I talked myself into liking it quite awhile ago, but now can't eat it because of the histamine it contains. If I wanted to eat sugar, milk chocolate would be a better option because it contains less histamine, because the cocoa is diluted with sugar and milk powder. In my opinion milk chocolate tastes better.


----------



## lover of birds

Currently not eating sugar in any form, including fruit. Trying to get my gut micro-biome balanced, and other issues are helped by not consuming sugar and anything that turns into sugar in the body once broken down, such as grain.


----------



## robin416

Wait until you become a grown up, things will switch up again. 

When it comes to gut health and what makes it work well, they've got a long ways to go. Although now they seem to be paying attention and trying to figure out what keeps our GI tracts happy beyond the constant fiber recommendations.


----------



## lover of birds

robin416 said:


> Wait until you become a grown up


?????


----------



## robin416

My description for becoming a senior citizen.


----------



## lover of birds

robin416 said:


> My description for becoming a senior citizen.


Oh, I see.


----------



## DuckRunner

yeah I'm not an adult just yet LOL


----------



## robin416

Not if you weren't born in 2002. You've got a long wait.


----------



## DuckRunner

robin416 said:


> Not if you weren't born in 2002. You've got a long wait.


don't be mean I know I'm a juvenile


----------



## DuckRunner

i turned 11 in January Lol


----------



## robin416

I should be telling you not to be mean. LOL 

A January baby! I too was born in January. We're special people. Now we just need to convince everyone else.


----------



## DuckRunner

robin416 said:


> I should be telling you not to be mean. LOL
> 
> A January baby! I too was born in January. We're special people. Now we just need to convince everyone else.


haha respect your elders
lol yup, and nice to know!


----------



## robin416

Or not. I'm one of those that will either tell you about it or simply walk away like that disrespectful person even exists. One of the advantages of being an adult is not much keeps us from saying what we're thinking.
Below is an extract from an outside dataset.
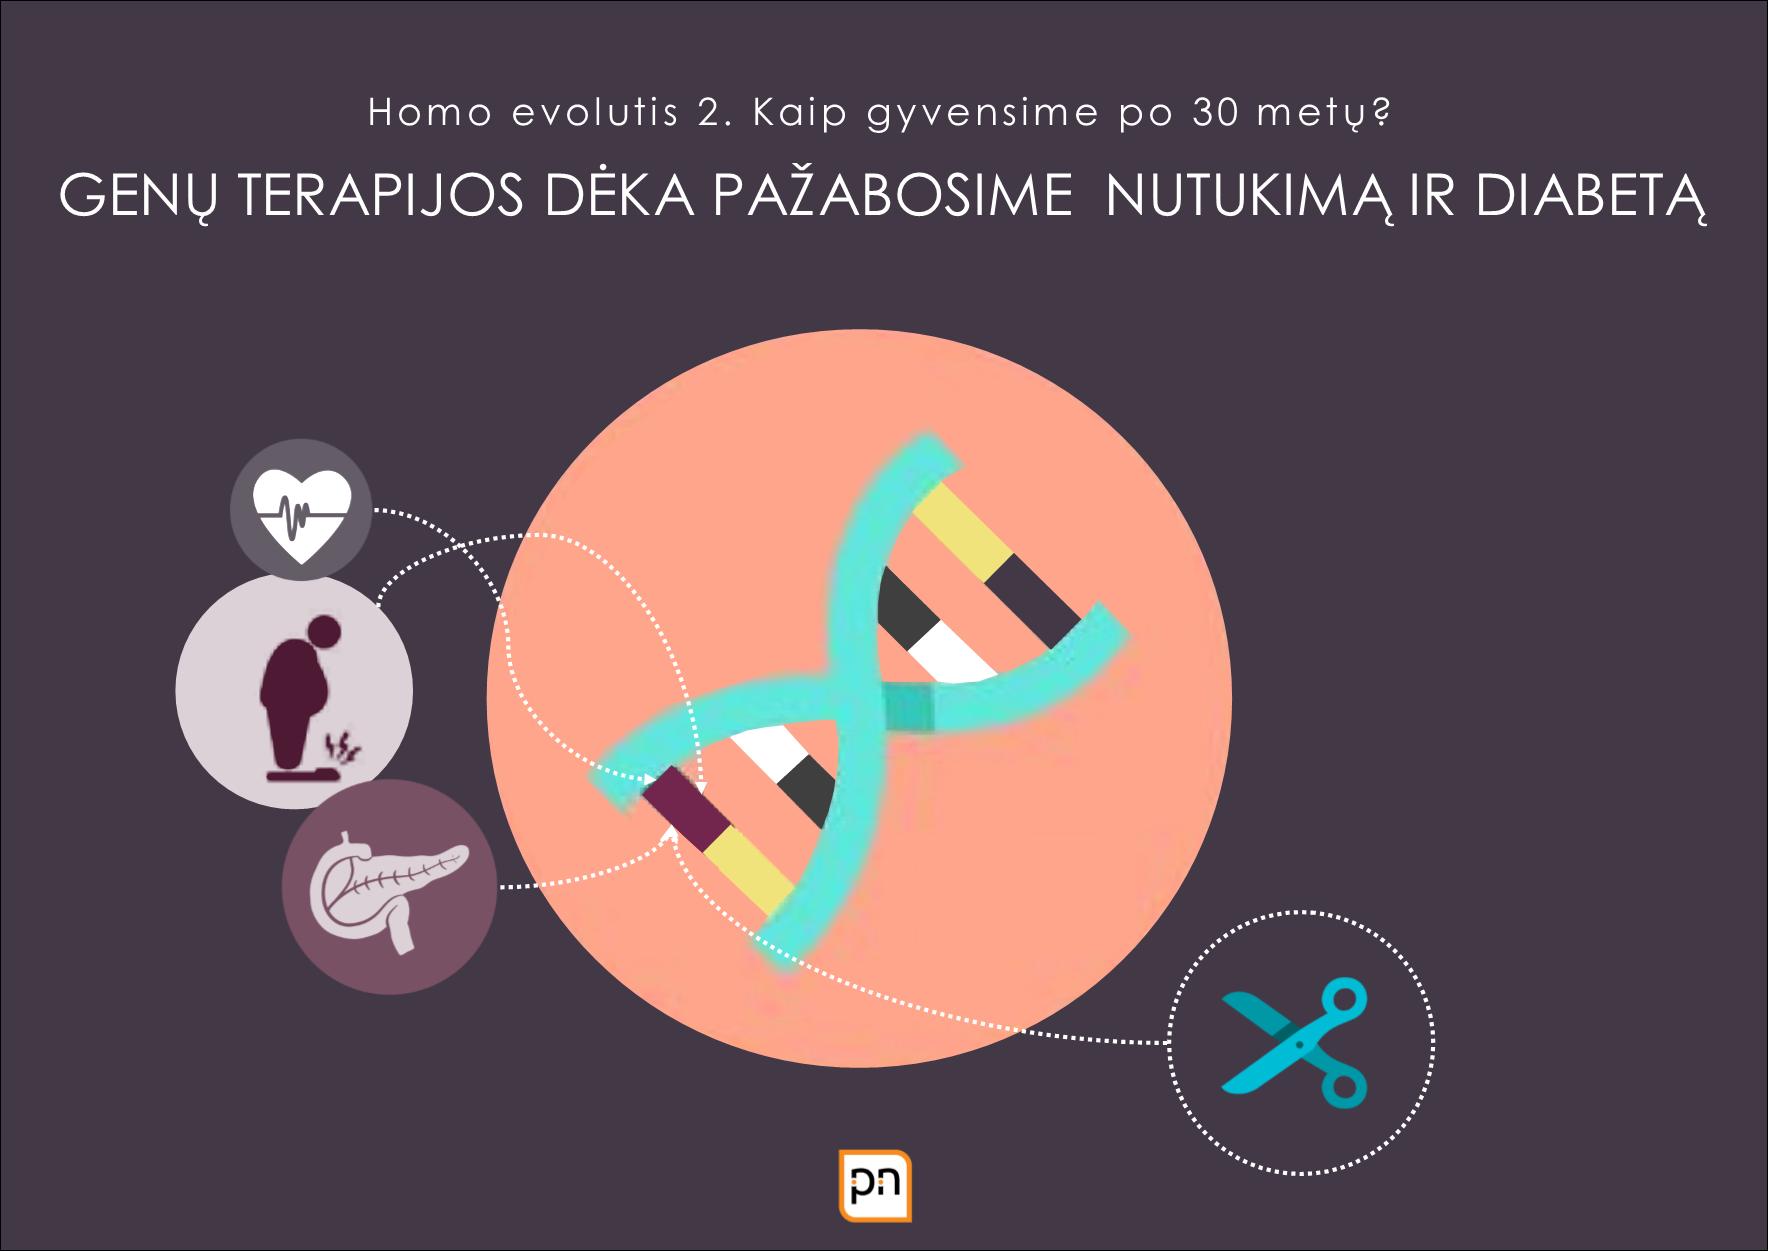 genu_terapijos_deka_pazabosime_nutukima_diabeta.png

Poor impulse control.


----------



## DuckRunner

robin416 said:


> Or not. I'm one of those that will either tell you about it or simply walk away like that disrespectful person even exists. One of the advantages of being an adult is not much keeps us from saying what we're thinking. Poor impulse control.


huh. i thought it was like that with kids?


----------



## robin416

It is, but adults let the kids know that behavior is improper. No one tells adults.


----------



## DuckRunner

robin416 said:


> It is, but adults let the kids know that behavior is improper. No one tells adults.


wth lol


----------



## Hencackle

Another intermittent faster myself. Determined to lose some of this flab I accumulated over the winter. Also gave up Cokes on 1/21/19. I've had biochemistry years ago so I know why they aren't healthy, but I love the carbonation. I'm back to filtered flat water or Gerolsteiner sparkling mineral water. At least I have 2 choices now.

Any body doing the ketogenic diet? If so, would be willing to be my coach?

I like the spiralized veggies and marina sauce idea. I make zucchini noodles. I'm not willing to pay $4.99 for a little bag of spiralized veggies from the store.


----------



## robin416

I stopped drinking sodas on a regular basis but I did learn something about them and weight gain while still living in TN. I got to where I'd have one of those small ones every evening after working outside all day. And started packing on pounds doing that. Didn't matter that I was out there doing all this physical stuff, it wasn't enough to counteract the effect of the sodas. 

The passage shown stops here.